Role:
This team builds an enterprise data lake/warehouse powering product, operations, and analytics.
We’re hiring a Data Engineer with strong Big Data engineering and stakeholder-facing analytics skills to design data models, build reliable pipelines, and deliver trusted BI insights across functional teams.
You’ll partner with BSA and business stakeholders to translate needs into scalable data solutions, while ensuring security, governance, and high data quality.
Responsibilities:
Design and build distributed ETL/ELT pipelines for large datasets (batch and/or near real-time).
Develop and optimize data models (dimensional/warehouse patterns) to enable self-serve analytics.
Implement data quality controls, reconciliation checks, and monitoring/alerting for pipeline reliability.
Build and maintain CI/CD for data pipelines (testing, deployment, and rollback practices).

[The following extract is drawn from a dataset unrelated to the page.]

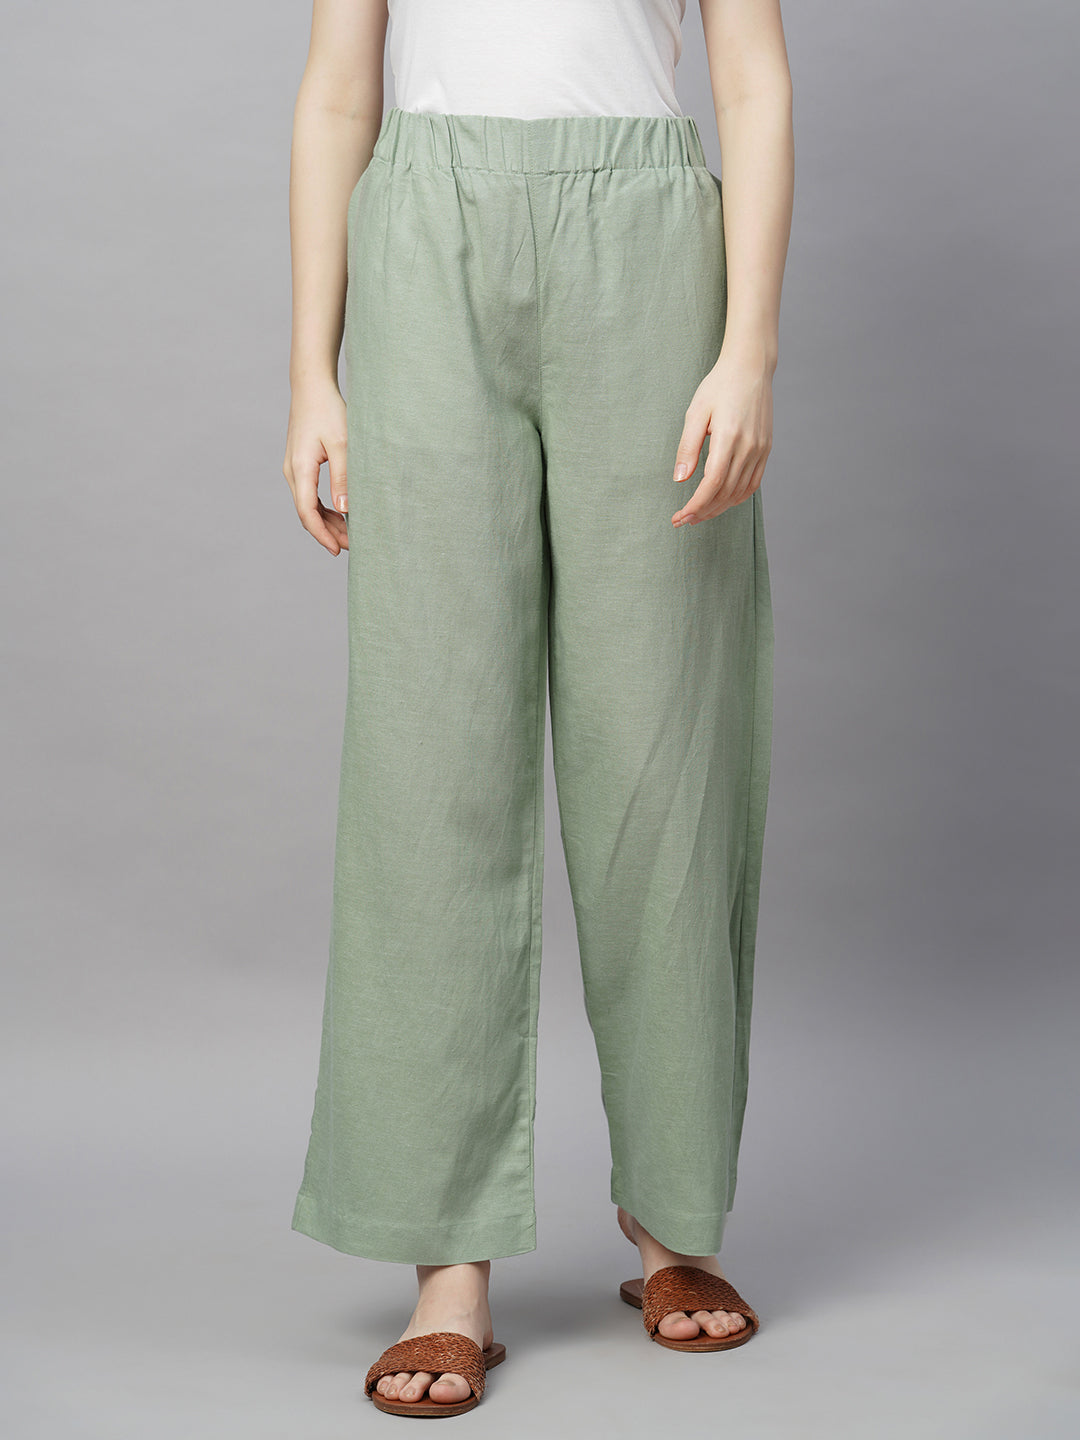 Women's Viscose Linen Cotton Green Wide Leg Pant

Create high-impact BI dashboards and partner with stakeholders to drive decisions.
Troubleshoot performance/data issues (skew, partitioning, late data, duplicates), and propose fixes at the source.
Required skills:
5–7 years in data engineering with hands-on Big Data exposure.
Strong SQL (window functions, tuning, complex transformations).
Hands-on with Spark and at least one ecosystem component (Hive/Hadoop) in production.
Experience with data modelling/warehousing patterns (star schema, SCD, ETL design).